The Evening News Trophy, was the second round of the 1980 Aurora AFX F1 Championship, at Brands Hatch, the race held on 7 April 1980 (Easter Monday). The race is notable for the victory of Desiré Wilson, who became the first female driver to win a Formula One race.

==Report==

===Entry===
A meagre total of 10 cars were entered for the event, the second race of the series of the 1980 Easter holidays.

===Race===
The race was held over 40 laps of Brands Hatch's Grand Prix circuit, a distance of 104.56 miles. A small piece of history was carved out, when Desiré Wilson became the first woman to win a F1 race, a feat which she achieved in remarkable style. At the wheel of her Theodore Racing with Hi-Line Wolf WR4, she simply trounced the opposition, leading from start to finish and extending her advantage of over 15 seconds at the end of the race.

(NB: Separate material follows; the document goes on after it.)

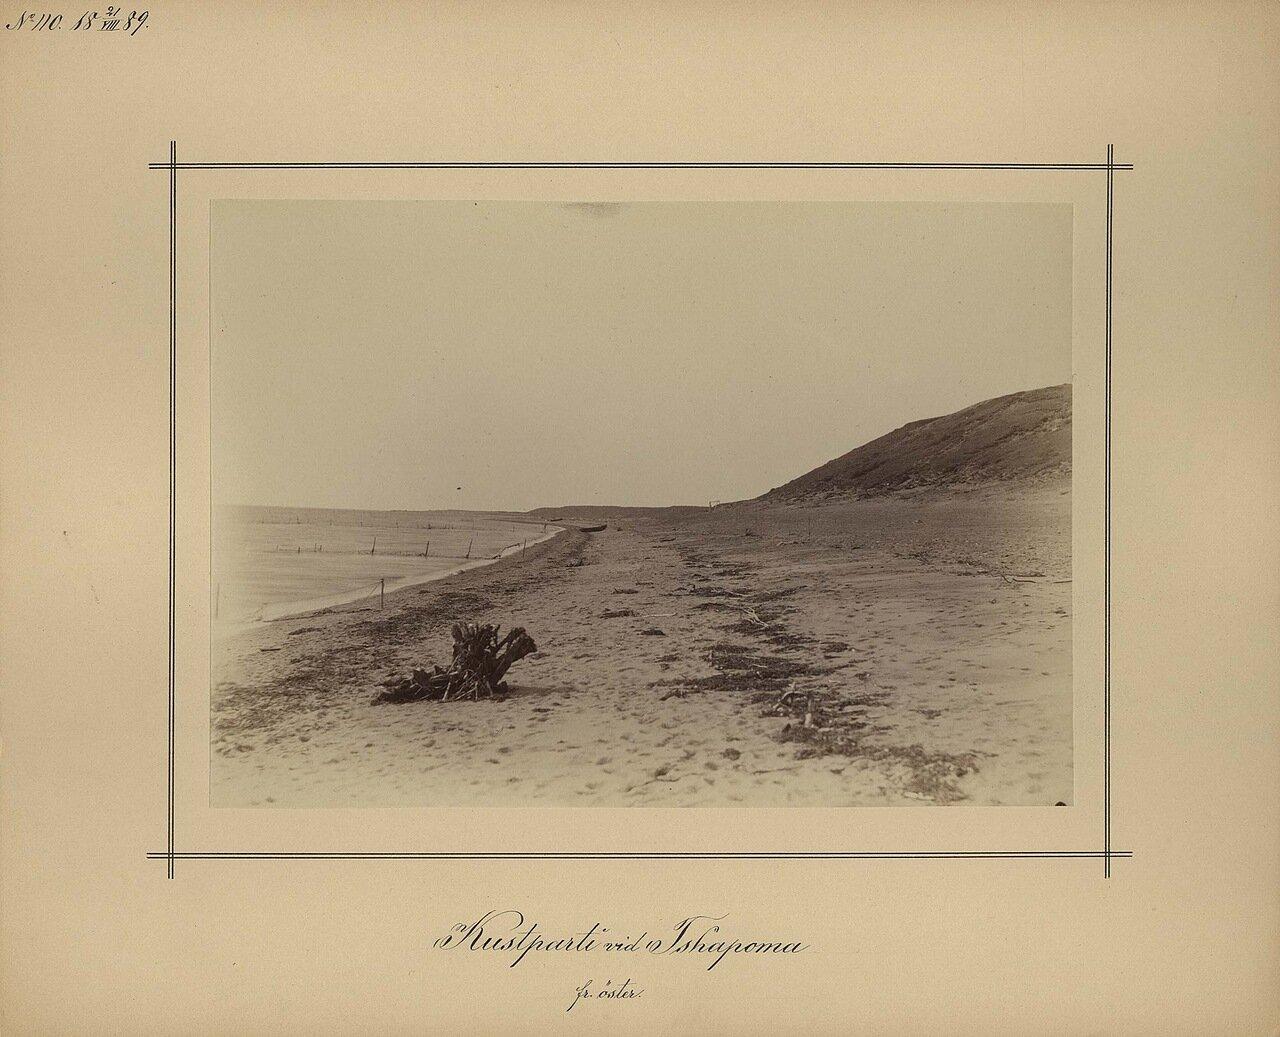 21.8.1889. Деревня Чапома, недалеко от Восточного побережья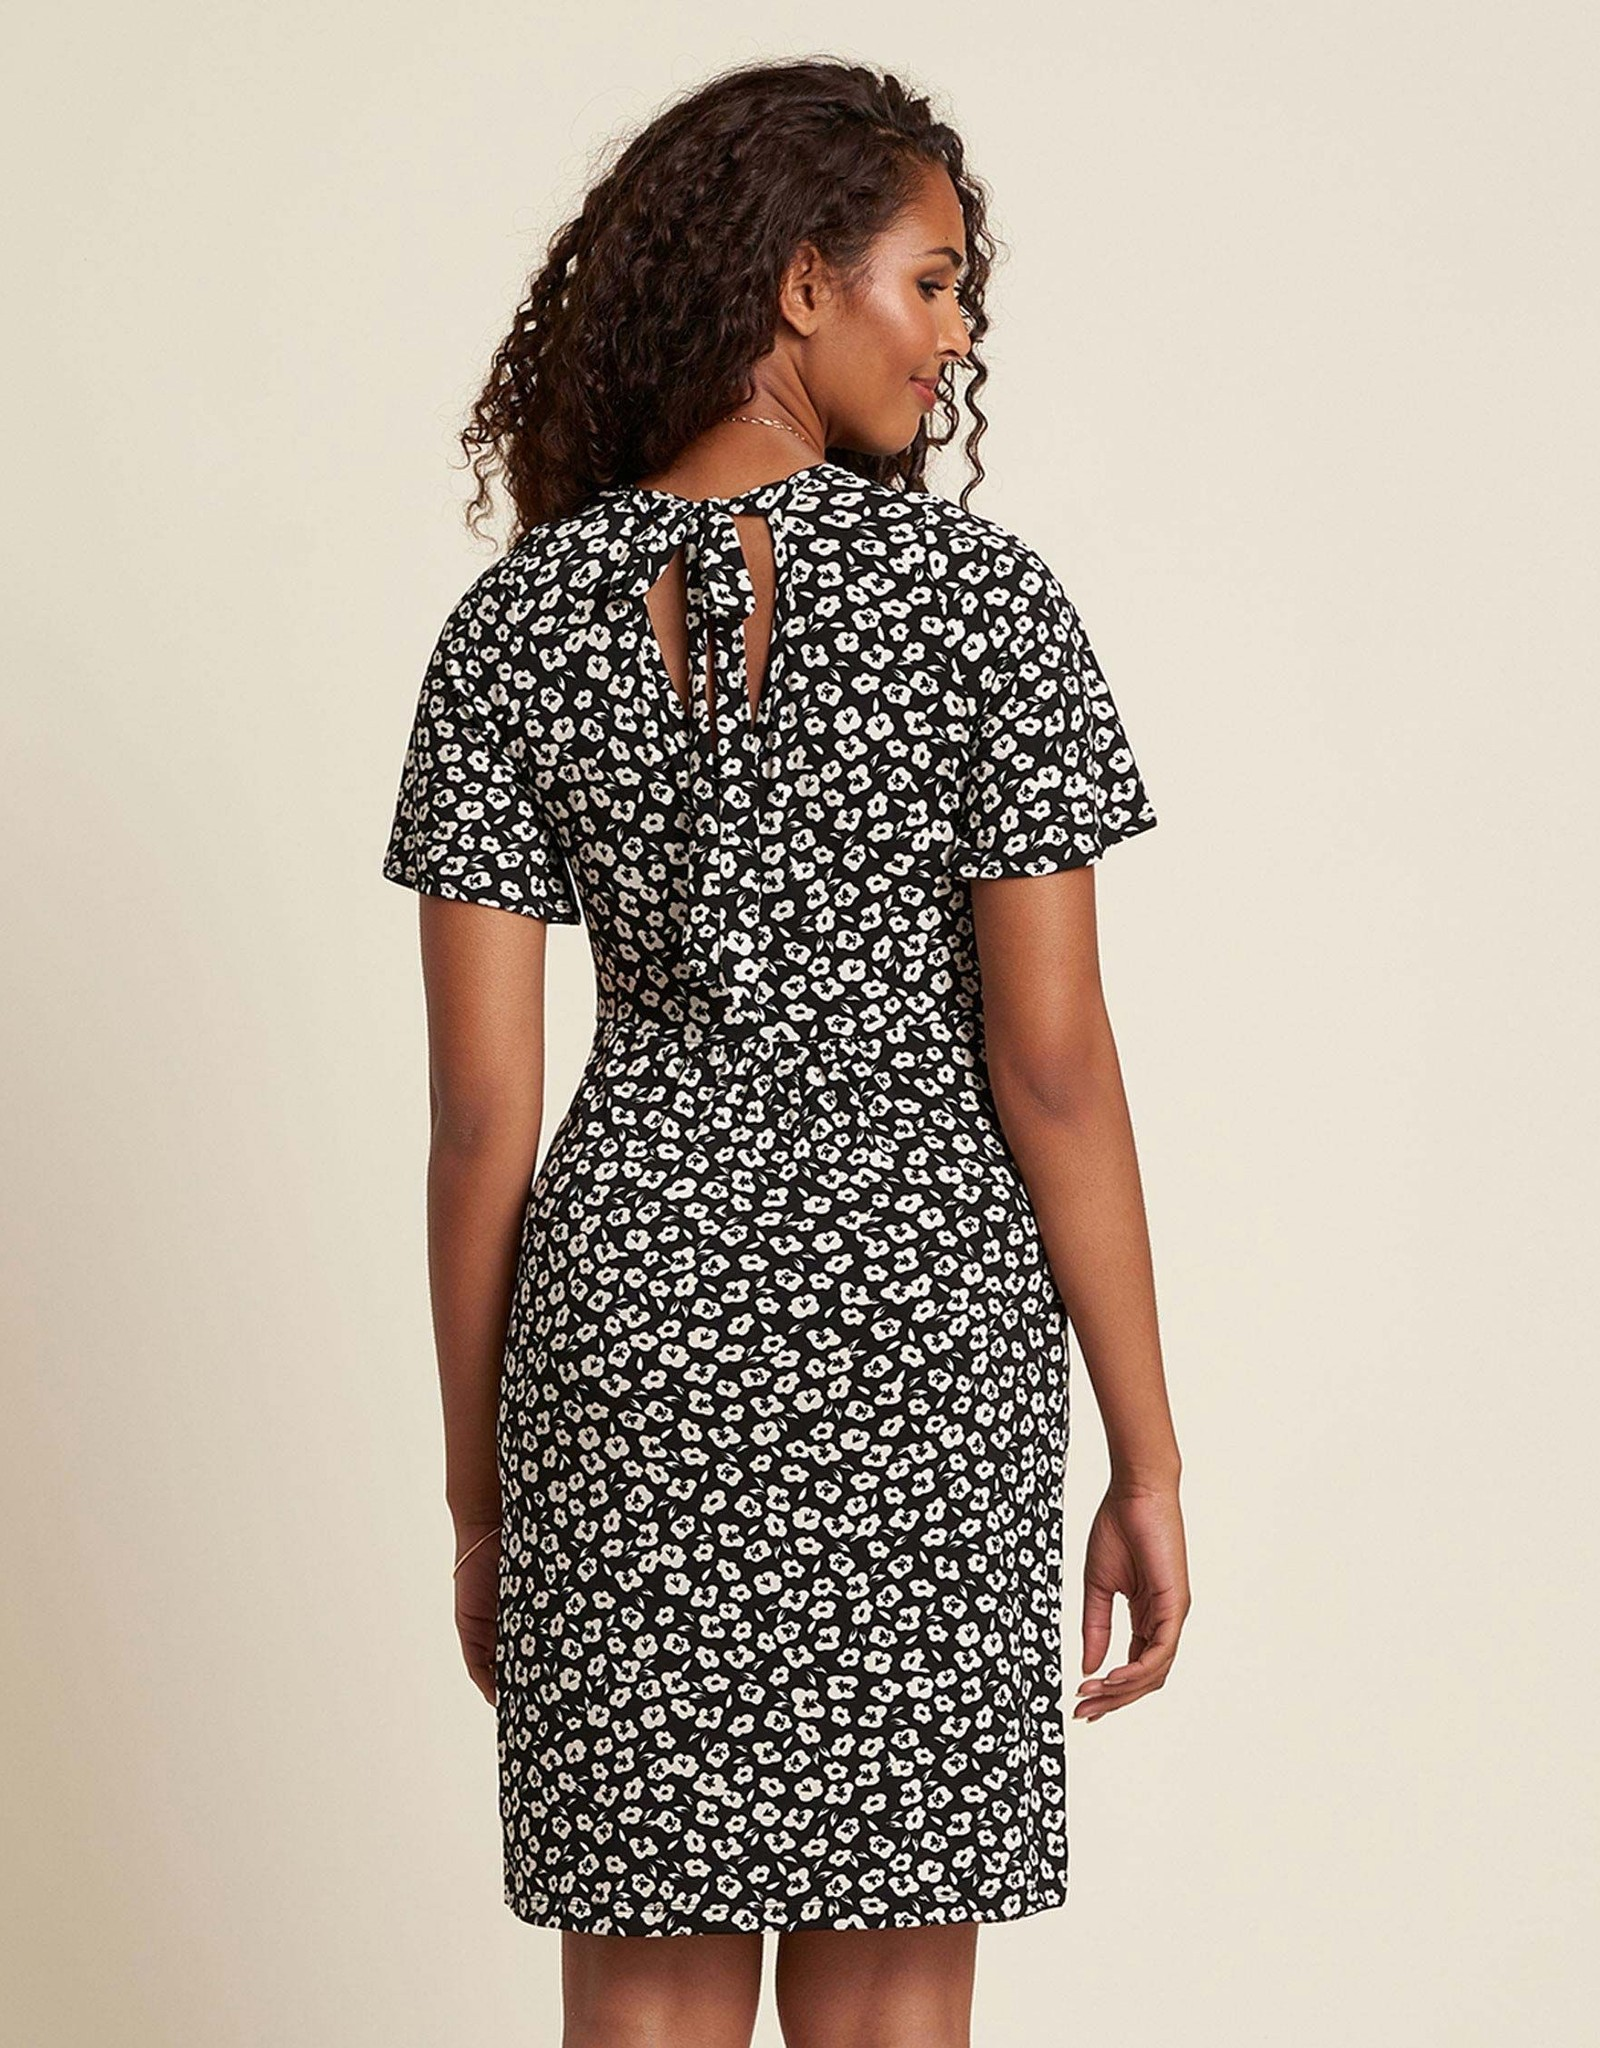 Hatley Maggie Dress

For the Theodore Racing, Wilson's victory more than compensated for the disappointment for teammate Geoff Lees caused the race to be stopped on the first lap. An over-zealous start for the middle of the poor 10-car grid saw the Wolf barge Norman Dickson’s Lotus 78, then spin wildly in the pack; Lees continued, but suspension failure stranded him in the middle of the track. Dickson was the other star of the race. The gritty Scotsman passed the Williams FW07s of poleman Emilio de Villota and Eliseo Salazar on the early stages, fighting off the latter in his defence of second spot after de Villota and Guy Edwards effectively eliminated each other after a touch at Hawthorns.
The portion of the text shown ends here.